I'm commenting because I had CORS issues with the server which I managed to solve, and it may help others (or maybe help me understand why it didn't work for me in the first case). Basically, I implemented the wrappedGrpc following the react example, and that server works fine when using WithCors...(false). Then I copied the grpc server code basically line by line into my own implementation:

wrappedServer := grpcweb.WrapServer(grpcServer,
    grpcweb.WithCorsForRegisteredEndpointsOnly(false))

handler := func(resp http.ResponseWriter, req *http.Request) {
    wrappedServer.ServeHTTP(resp, req)
}

httpServer := http.Server{
    Addr: grpcHttpAddress,
    Handler: http.HandlerFunc(handler),
}

go func () {
    logger.Fatal("", zap.Error(httpServer.ListenAndServe()))
}()

Then I used an angular devserver attempting an unary call to both grpc services:

grpc.unary(GrpcService.DoSomething, {
  request: request,
  host: http://localhost:9010, // My own grpc server implementation
  onEnd: (res) => {
    console.log(res);
  },
});
grpc.unary(GrpcService.DoSomething, {
  request: request,
  host: http://localhost:9090, // Boilerplate grpc server, lacks implementation, used to check connections only
  onEnd: (res) => {
    console.log(res);
  },
});

So exact same call, both being to localhost but on two different ports, but my new grpc server got CORS preflight Options (which wouldn't get handled, gets the gRPC requires HTTP/2), and the other boilerplate server would get a POST request instead of doing CORS preflight and work just fine. Why this is, I don't know. Seeing that it's all locally on localhost I don't know why CORS is even called at all, and if it were to be called due to different ports (which is inevitable) then why would it be called only for my implementation and not the boilerplate one?
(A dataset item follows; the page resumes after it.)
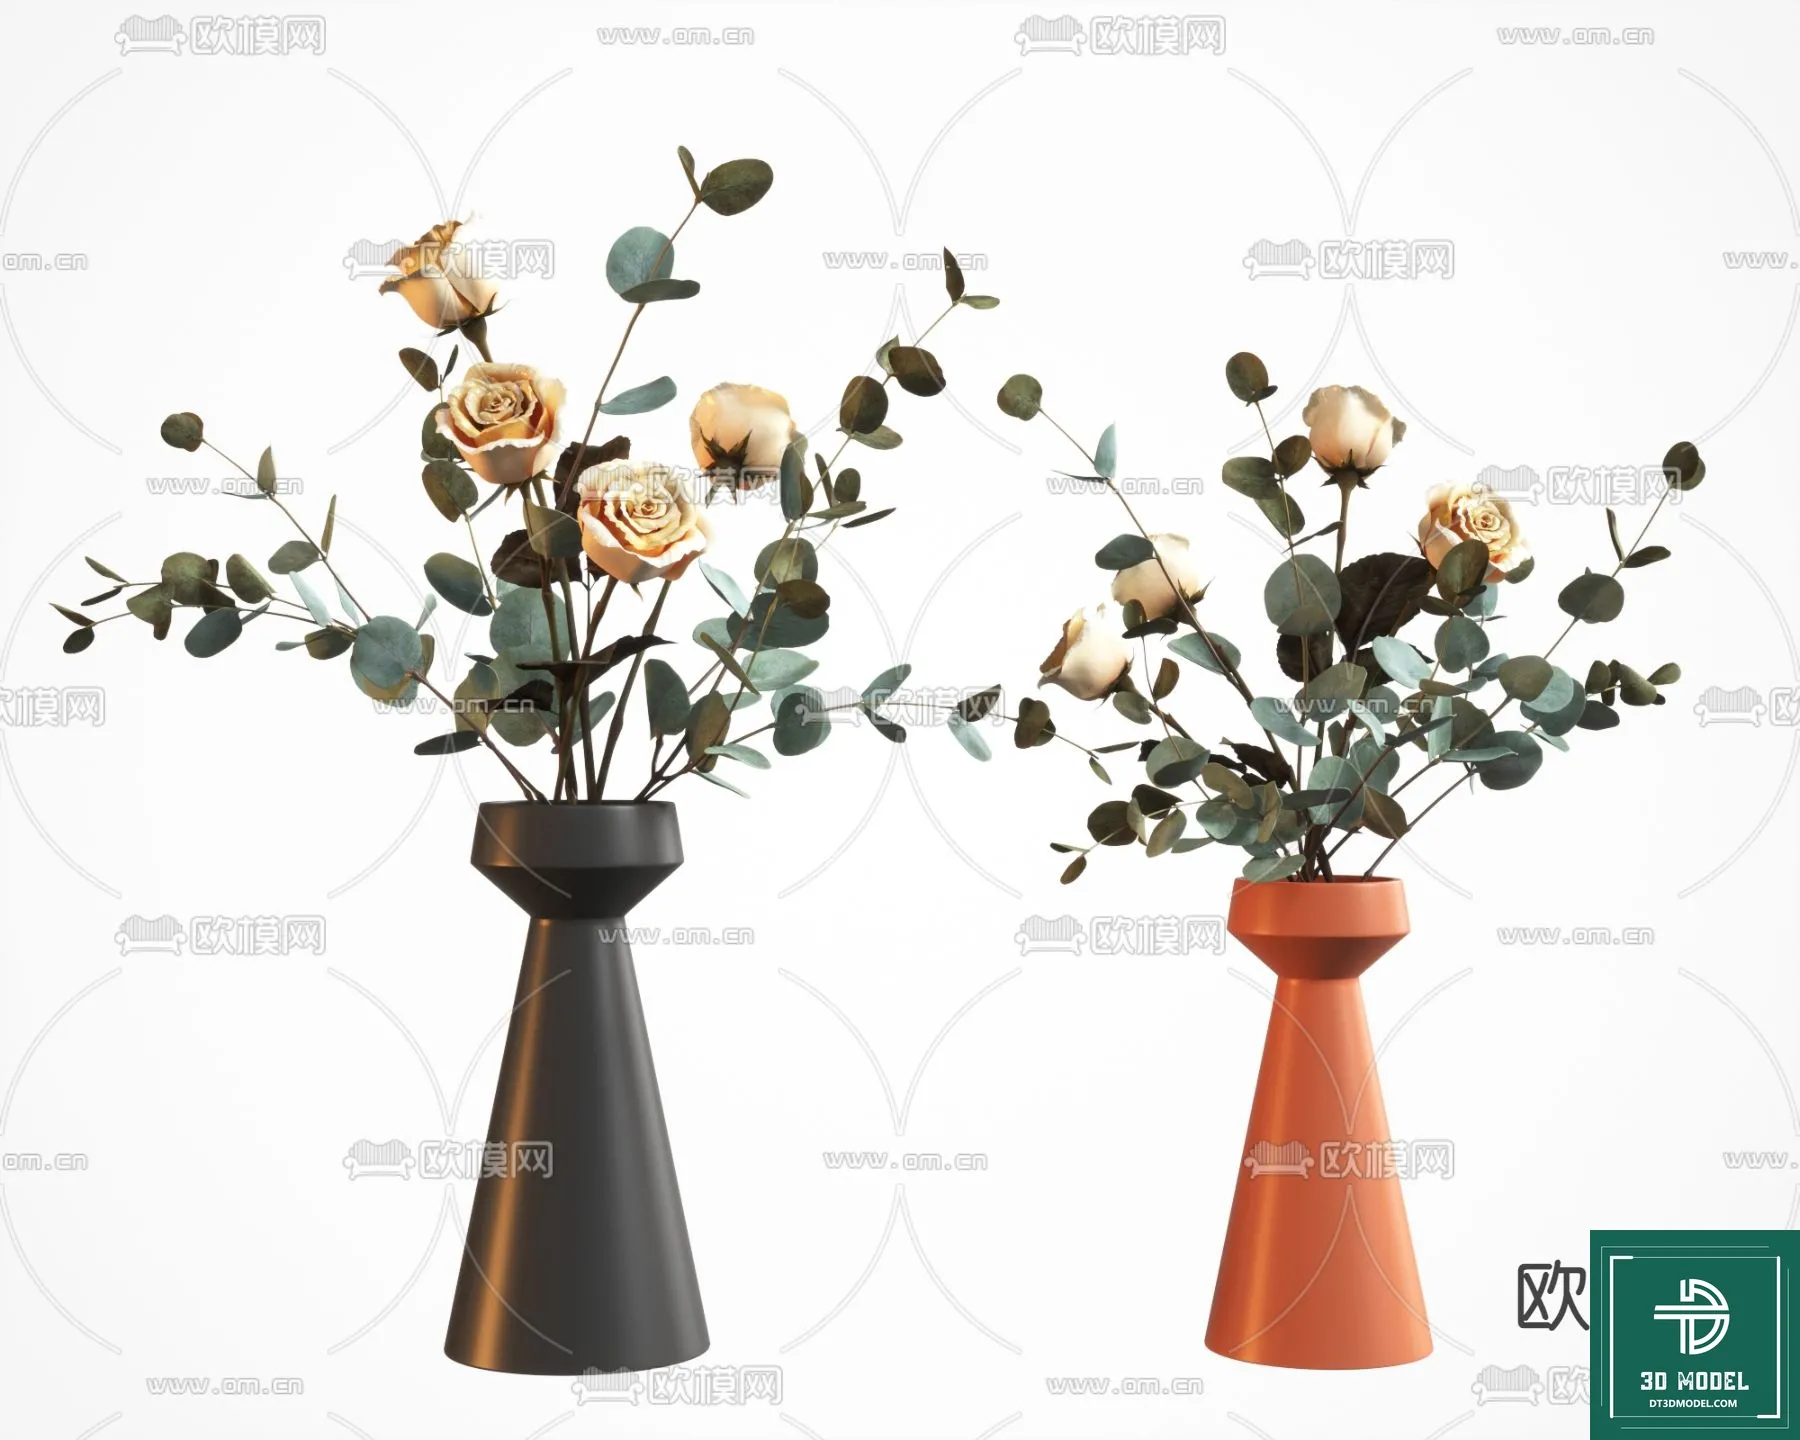 FLOWER VASE 3D MODEL – 042

Maybe the computer gods are out to get me.

Anyway I did this to solve:

wrappedServer := grpcweb.WrapServer(grpcServer,
    grpcweb.WithAllowedRequestHeaders([]string{"*"}),
    grpcweb.WithCorsForRegisteredEndpointsOnly(false),
    grpcweb.WithOriginFunc( func (origin string) bool {
        // Only allow localhost on angular dev port and port 80 (prod port within docker DNS)
        return origin == "http://localhost:4200" || origin == "http://localhost"
    }))

handler := func(resp http.ResponseWriter, req *http.Request) {
    if wrappedServer.IsGrpcWebRequest(req) {
        wrappedServer.ServeHTTP(resp, req)
    } else if wrappedServer.IsAcceptableGrpcCorsRequest(req) {
        // Options request, manually handle instead of using http server (of which there is none)
        resp.Header().Set("Access-Control-Allow-Origin", "*")
        resp.Header().Set("Access-Control-Allow-Headers", "*")
    }
}

I hope it may help someone who's as beginner at implementing CORS as I am!